* [What you are asked to do]:
Print only what runs from the line that includes "Historisches Schwarzweißfoto einer" to the end of the listing, word for word, and do not include any pictures.

* [Data]:
━━━━━━━━━━━━━━━━

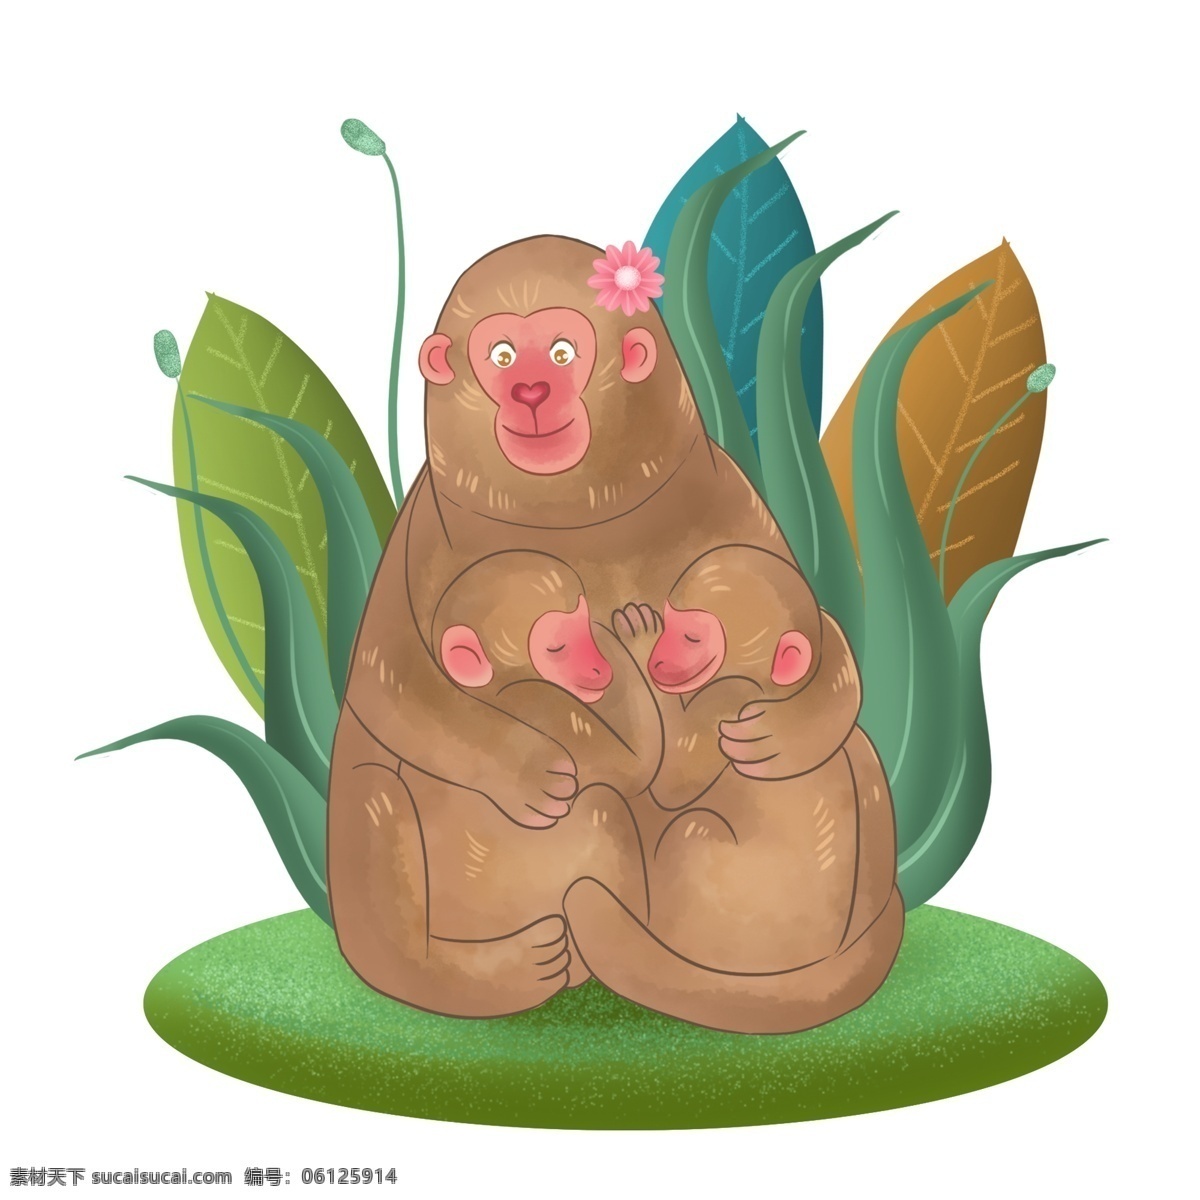 商用 母 猴 俩 幸福 孩子 母猴 可商用 手绘
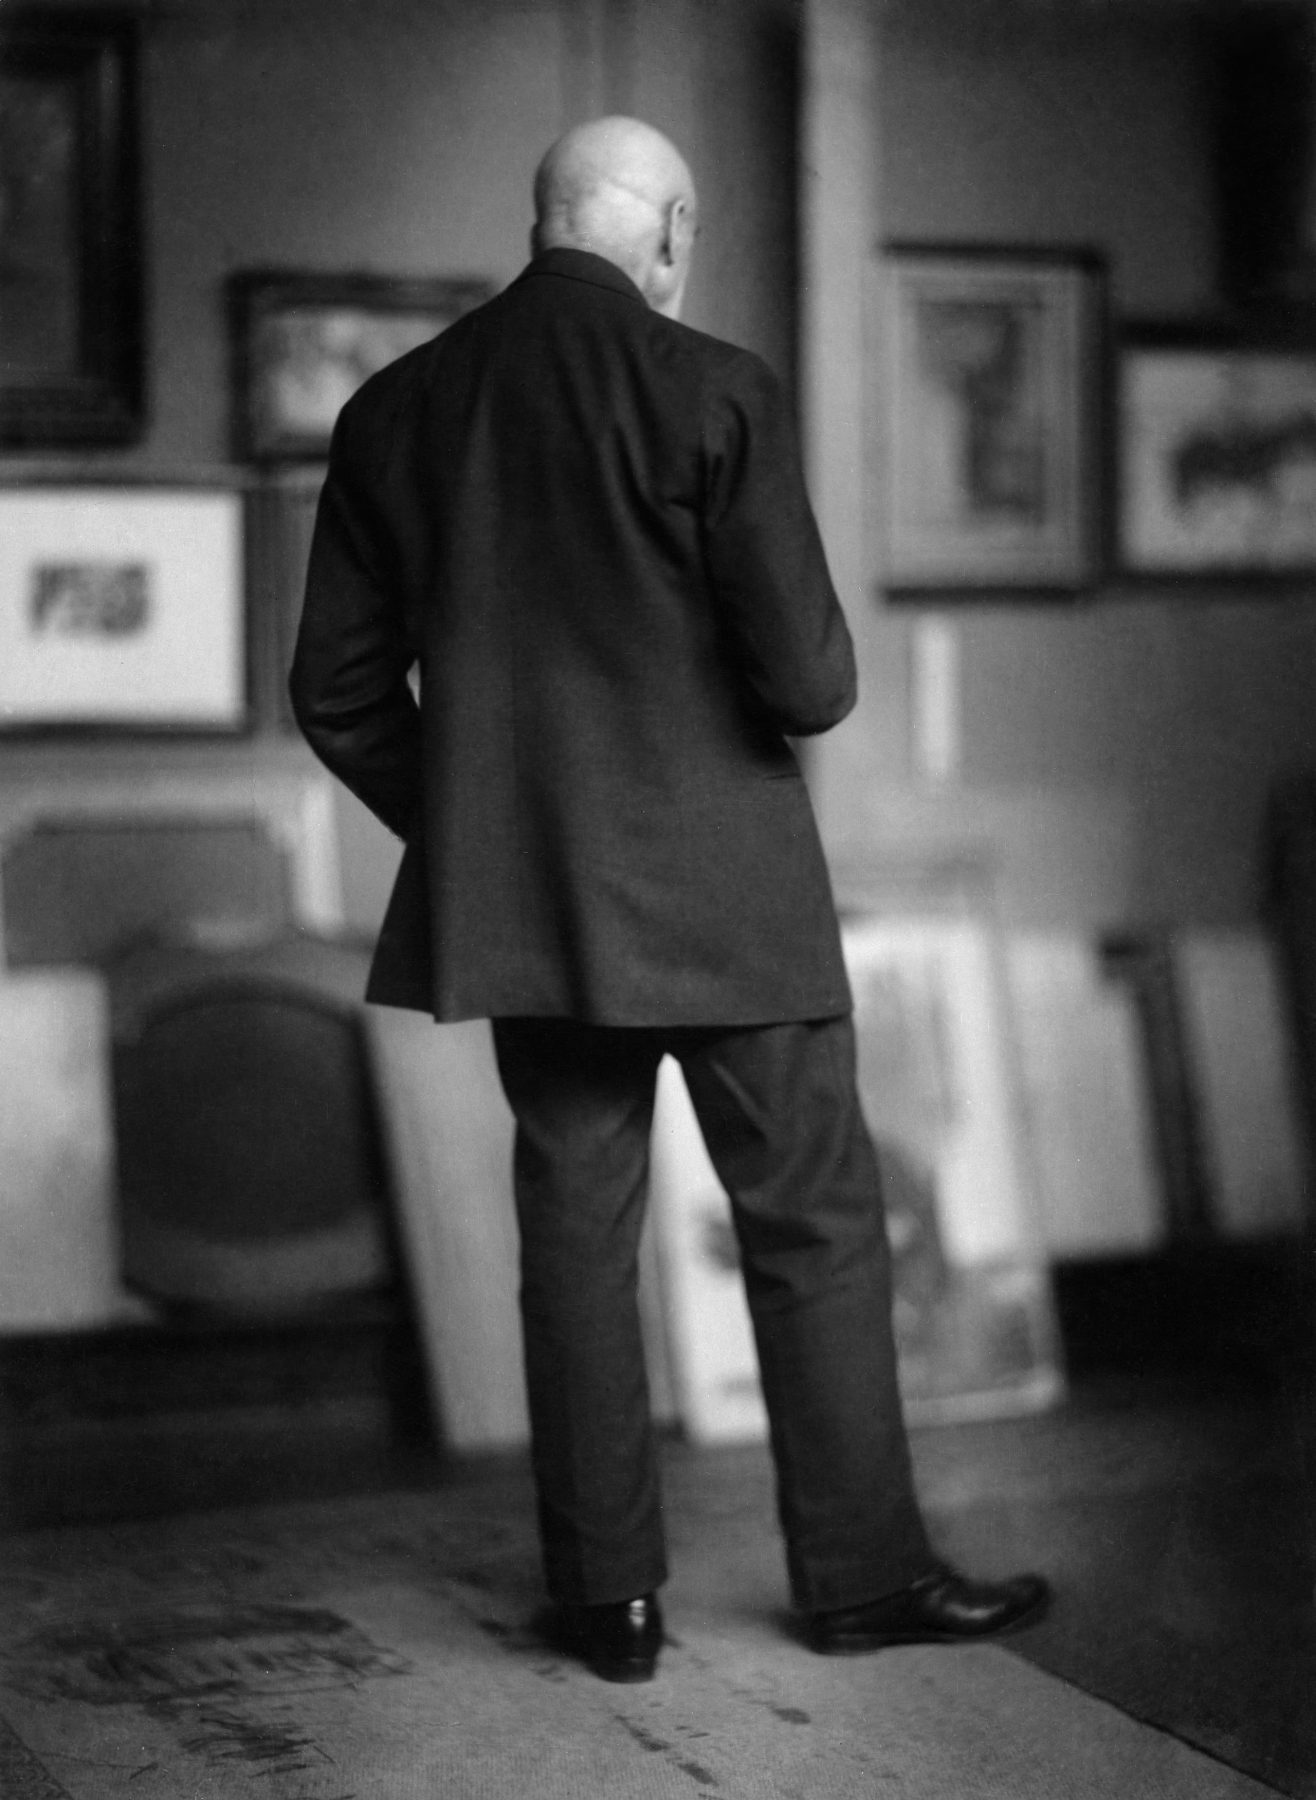 Historisches Schwarzweißfoto einer männlichen Gestalt in einem Anzug von hinten fotografiert in einem Raum mit Kunstwerken
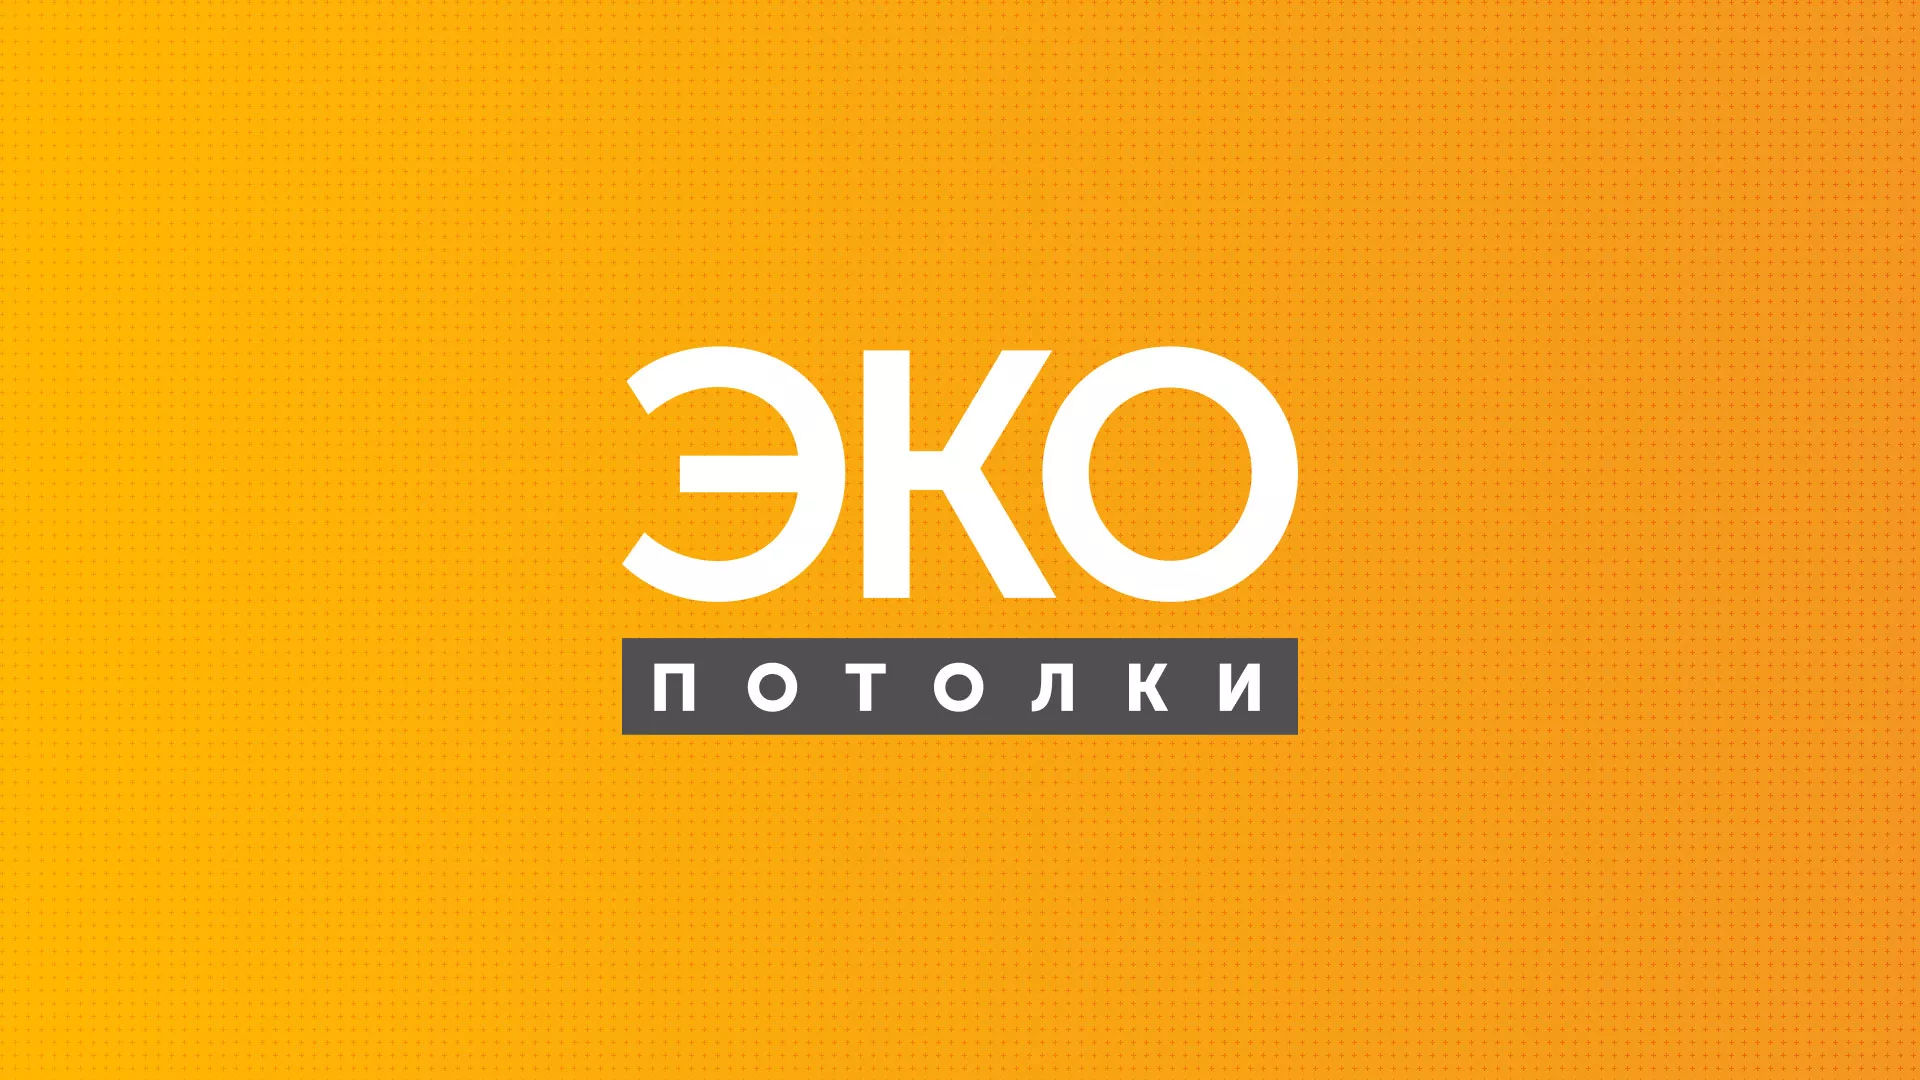 Разработка сайта по натяжным потолкам «Эко Потолки» в Челябинске

━━━━━━━━━━━━━━━━

* [Output for this exercise]:
 Historisches Schwarzweißfoto einer männlichen Gestalt in einem Anzug von hinten fotografiert in einem Raum mit Kunstwerken
 Разработка сайта по натяжным потолкам «Эко Потолки» в Челябинске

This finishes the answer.